10b) What are the limitations of the existing research?

  • Control groups: Most of the difficulties surrounding control groups involve the inability and lack of resources to select a control group equivalent to the experimental – interlock – group (e.g., comparable groups of licence-suspended impaired drivers). In order to create an appropriate control group a population of previously convicted impaired drivers would be randomly assigned to two groups: one receiving the alcohol interlock and the other one not receiving it (Raub et al. 2003). This can be challenging in offender studies for ethical and legal reasons.
  • Selection bias: Studies involving voluntary participants may have a selection bias effect, which means that there are some differences in these participants compared to other eligible offenders which can affect the result. DWI offenders assigned to an interlock program are often those who present the highest risk of reconviction which may result in findings much different than the conclusions drawn from a group of volunteers.
  • A particular type of selection bias which needs to be accounted for is the impact of judicial discretion (Coben and Larkin 1999). Experimental design or randomized studies are difficult to execute because judges, for important reasons, hesitate to impose this sanction on a random basis. The sanction severely restricts the activities of half of the offenders in this manner, while not imposing the same or similar restrictions on the other half on the basis of nothing more than the luck of when their case was sentenced. While this limitation is a difficult obstacle to overcome, the differences in experimental and control groups could be addressed in future studies by assigning 100 consecutive subjects to a control group (Fulkerson 2003).

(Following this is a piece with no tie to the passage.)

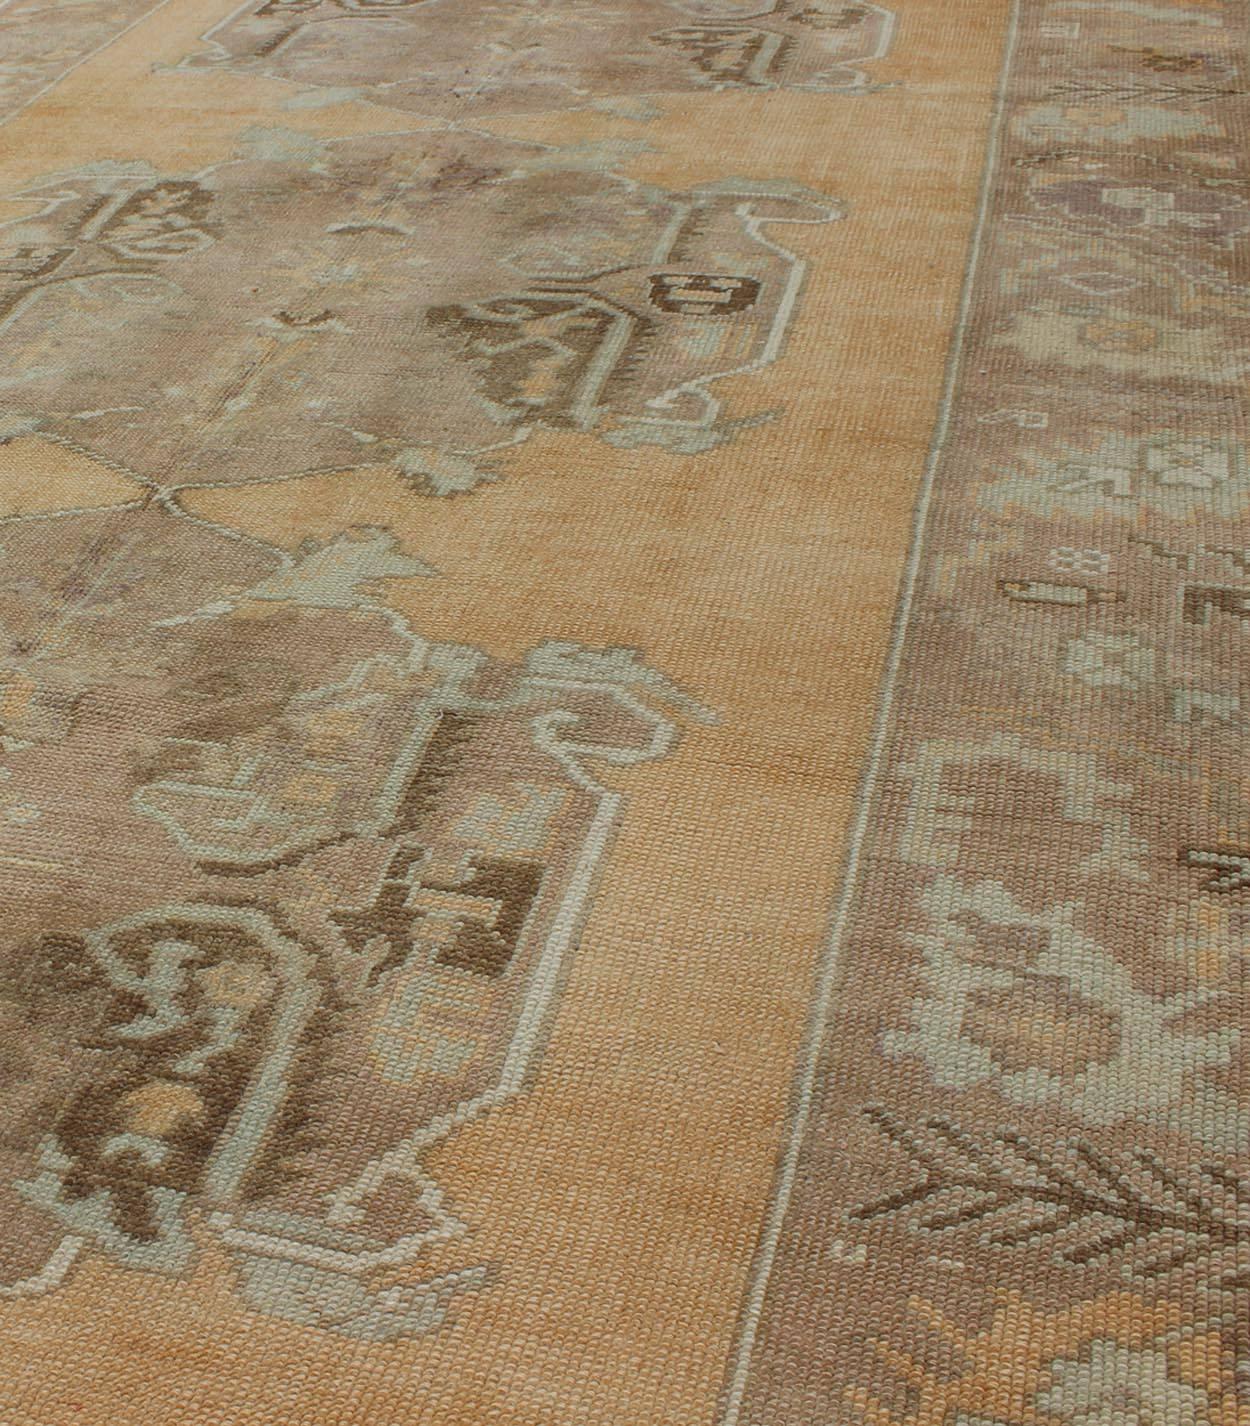 Vintage Oushak Rug with Three Central Medallions Set on Faint Sand-Colored Field In Excellent Condition For Sale In Atlanta, GA

11) What research is still needed?

  • Optimal structure for alcohol interlock programs: such programs may be effective if they operate under either an administrative agency (e.g., motor vehicle administration) or the judicial system.
  • Monitoring function for alcohol interlock programs: research must be conducted to determine who should be responsible for monitoring offenders, their compliance, and the performance of the device. This may involve a probation officer based on a judicial program or service providers based on an administrative program.
  • Process evaluations of alcohol interlock programs: future research is needed to investigate the details of how an alcohol interlock program currently operates compared to how the program should operate. Evaluations also must be conducted on compliance with sentencing legislation requiring judges to order alcohol interlocks and compliance with court orders for installations by offenders.
  • Outcome evaluations of alcohol interlock programs: all prior studies of alcohol interlocks are limited in that they relied upon re-arrest rate, an incomplete measure of DWI recidivism, as the sole and primary outcome measure (Coben and Larkin 1999). Future studies should routinely and more carefully examine crash rates, alcohol-related crash rates, death, and injuries as additional outcomes.
  • Interaction between alcohol interlocks and treatment: research is needed to demonstrate the beneficial effect of the integration of rehabilitation and interlock programs. Evidence suggests that the alcohol interlock effectively incapacitates drivers from operating a motor vehicle while impaired, but the device is not intended to assume a treatment role which would include modifying an offender’s behaviour. Further research could help solidify and strengthen the relationship with treatment providers (Beirness et al. 2003).